In the course of our studies20 in the DCCP of a variety of weakly acidic substrates, we discovered that palladium complexes of van Leeuwen's NIXANTPHOS ligand21 (Table 1) enable a wide variety of transformations whereas other ligands are much less effective. Thus, we employed a Pd(OAc)2 (5 mol%)/NIXANTPHOS (7.5 mol%) based catalyst to initiate the direct arylation of 2-pyridylmethyl ethyl ether 1a with bromobenzene in combination with 6 bases [LiO–tBu, NaO–tBu, KO–tBu, LiN(SiMe3)2, NaN(SiMe3)2, and KN(SiMe3)2]. Both LiO–tBu and NaO–tBu resulted in no product while KO–tBu afforded a low yield of the arylation/[1,2]-Wittig rearrangement product. Interestingly, LiN(SiMe3)2 generated the arylation/[1,2]-Wittig rearrangement product 5aa exclusively in 48% assay yield (AY, entry 1). Although NaN(SiMe3)2 gave a mixture of arylation 4aa and arylation/[1,2]-Wittig rearrangement 5aa in 25 and 38% AY, respectively (entry 2), KN(SiMe3)2 afforded traces of 4aa and the arylation/[1,2]-Wittig rearrangement product 5aa in 33% AY (entry 3).

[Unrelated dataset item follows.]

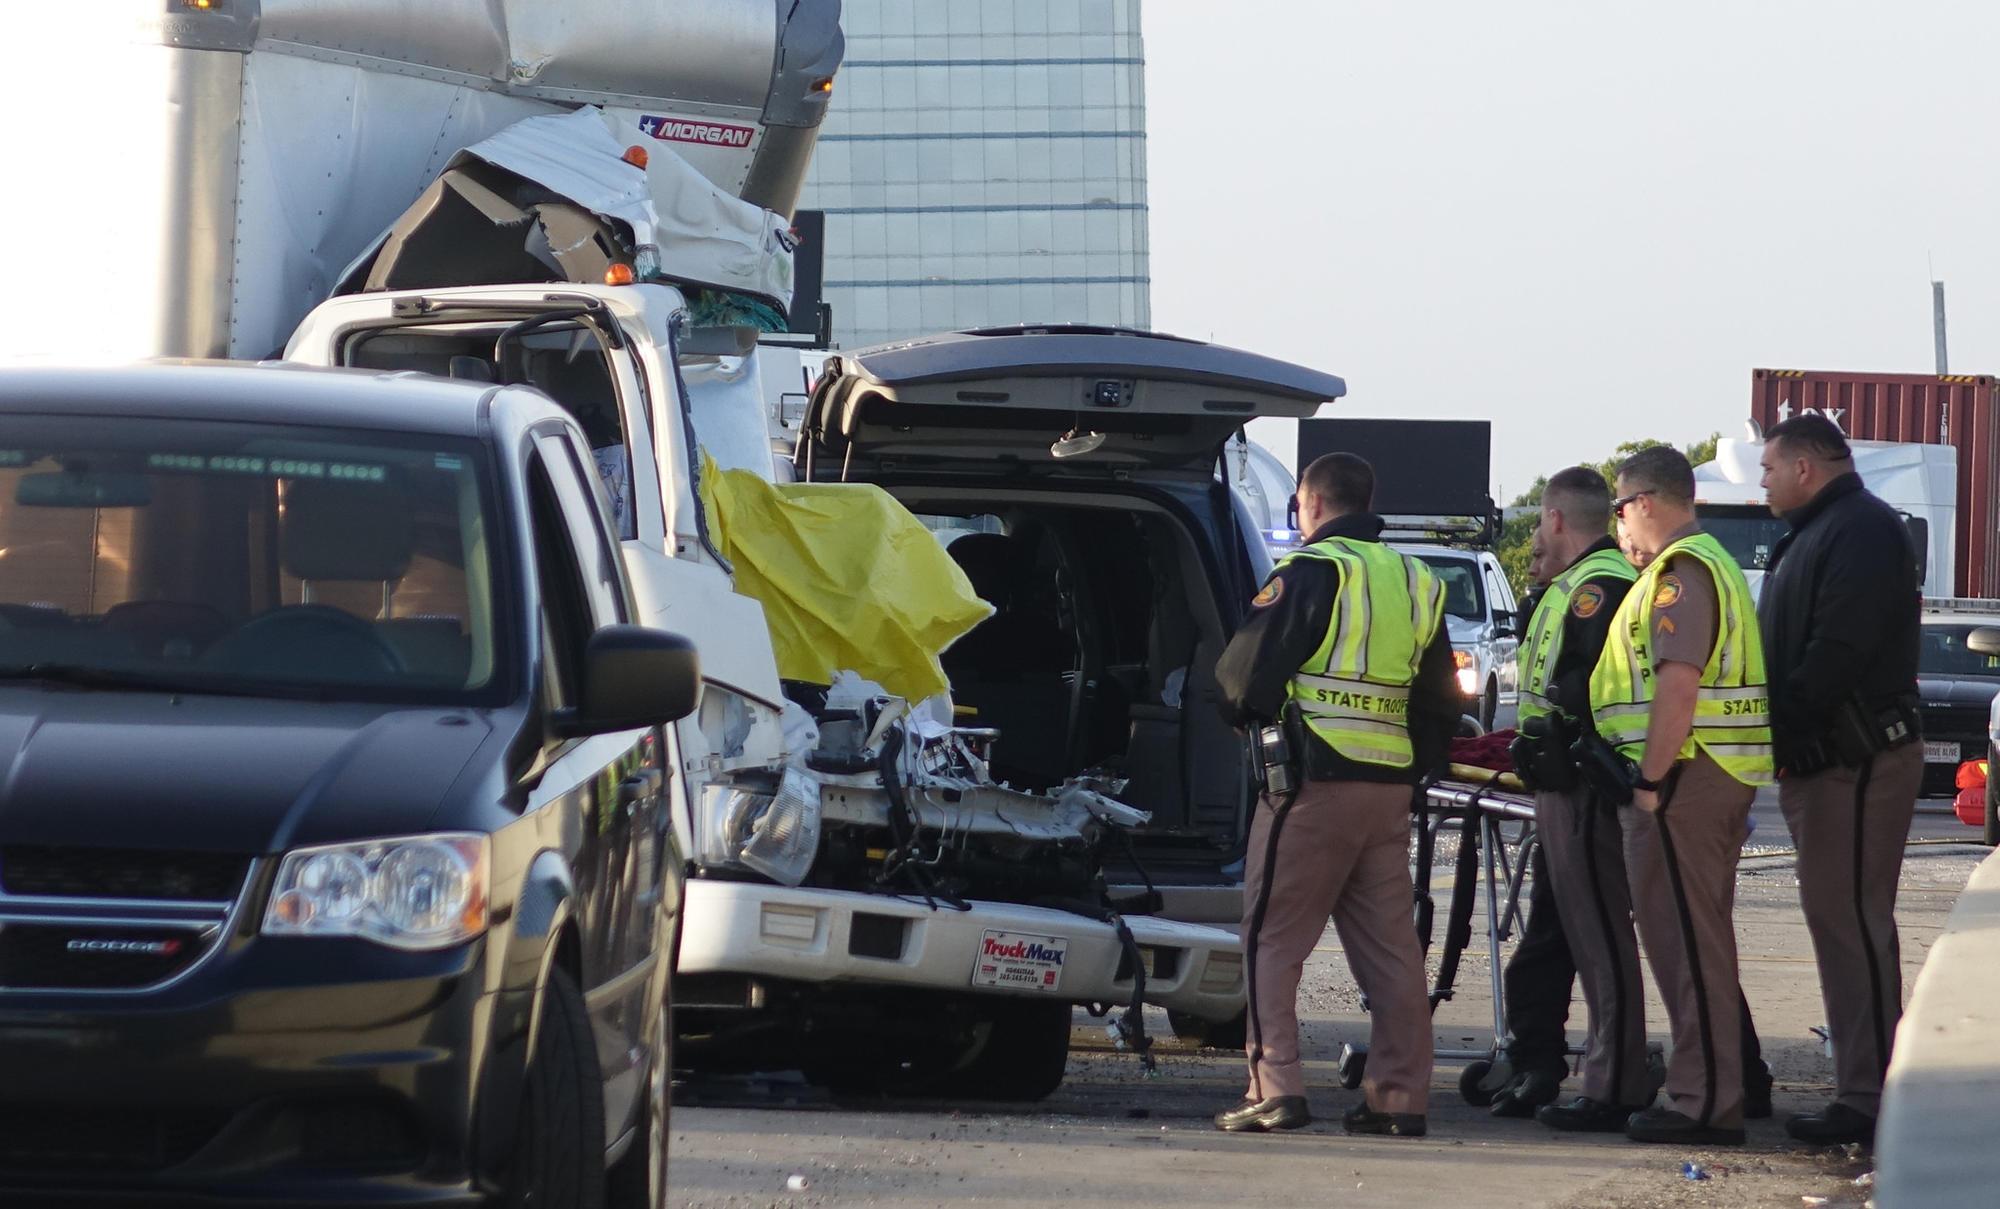 Florida Highway Patrol Traffic >> Man dies in I-95 crash in Broward; traffic snarled for hours - Sun Sentinel
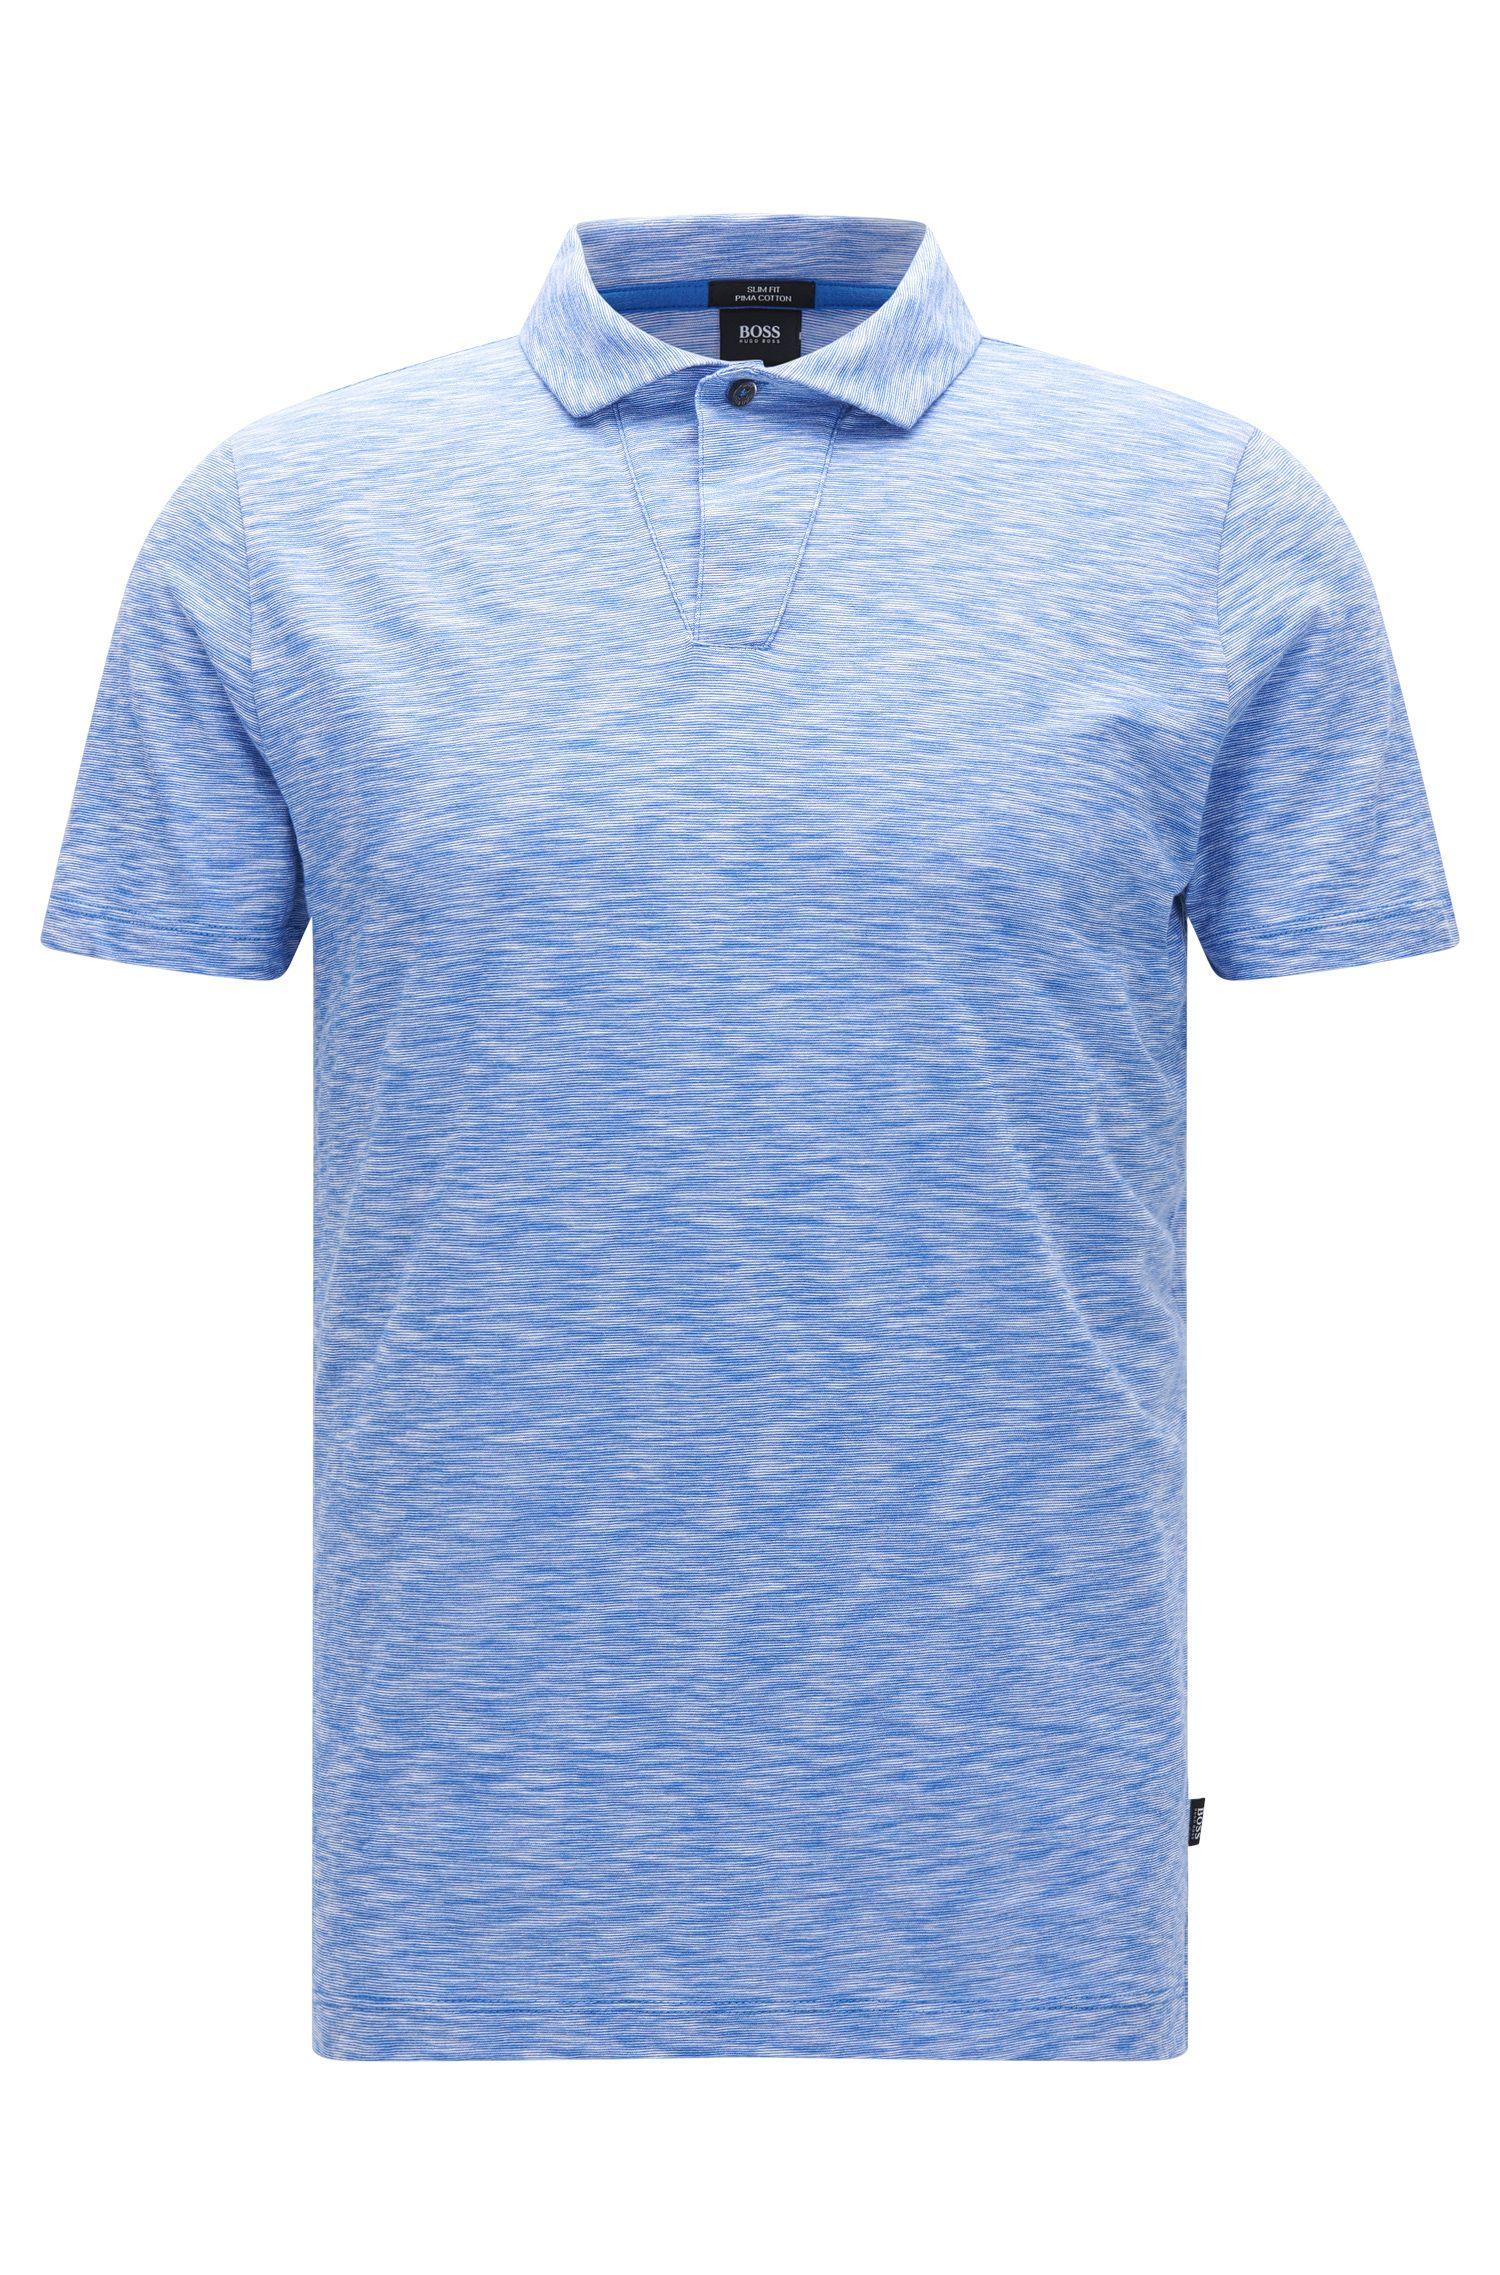 Pima Cotton Jersey Polo Shirt, Slim Fit   Plato

Table 1 Optimization of the reactions of 2-pyridylmethyl ethyl ether 1a with bromobenzenea

image file: c5sc02739j-u1.tif

Entry M Solventb Time (h) Temp. (°C) 4aa (%) 5aa (%)
a Reaction conditions: 1a (0.1 mmol), Ph–Br (0.12 mmol), base (0.3 mmol), Pd(OAc)2/NIXANTPHOS (5 mol%/7.5 mol%), solvent (1.0 mL). b Tetrahydrofuran (THF), 1,4-dioxane (dioxane), cyclopentyl methyl ether (CPME), 1,2-dimethoxyethane (DME). c Yield determined by 1H NMR spectroscopy of the crude reaction mixture. d Isolated yield. e Pd(OAc)2/NIXANTPHOS (2.5 mol%/3.75 mol%).
1 Li THF 12 45 0 48
2 Na THF 12 45 25 38
3 K THF 12 45 Trace 33
4 Na Dioxane 12 45 31 17
5 Na CPME 12 45 33 65
6 Na DME 12 45 64 30
7 Na DME 12 23 95 0
8 Li Dioxane 12 45 16 15
9 Li DME 12 45 68 25
10 Li CPME 12 45 38 56
11 Li CPME 24 45 0 85d
12 Li CPME 24 45 0 83


Given the higher yield afforded by NaN(SiMe3)2, we set out to examine different solvents with this base. Employing NaN(SiMe3)2 at 45 °C in dioxane, CPME and DME (entries 4–6) resulted in assay yields of up to 64% arylation (4aa) and 30% arylation/[1,2]-Wittig rearrangement (5aa) in DME. To our surprise, lowering the temperature to 23 °C in DME to minimize the [1,2]-Wittig rearrangement actually prevented it, providing the arylation product in 95% isolated yield (entry 7). With a highly selective protocol for the arylation in place, we desired to perform the tandem arylation/[1,2]-Wittig rearrangement.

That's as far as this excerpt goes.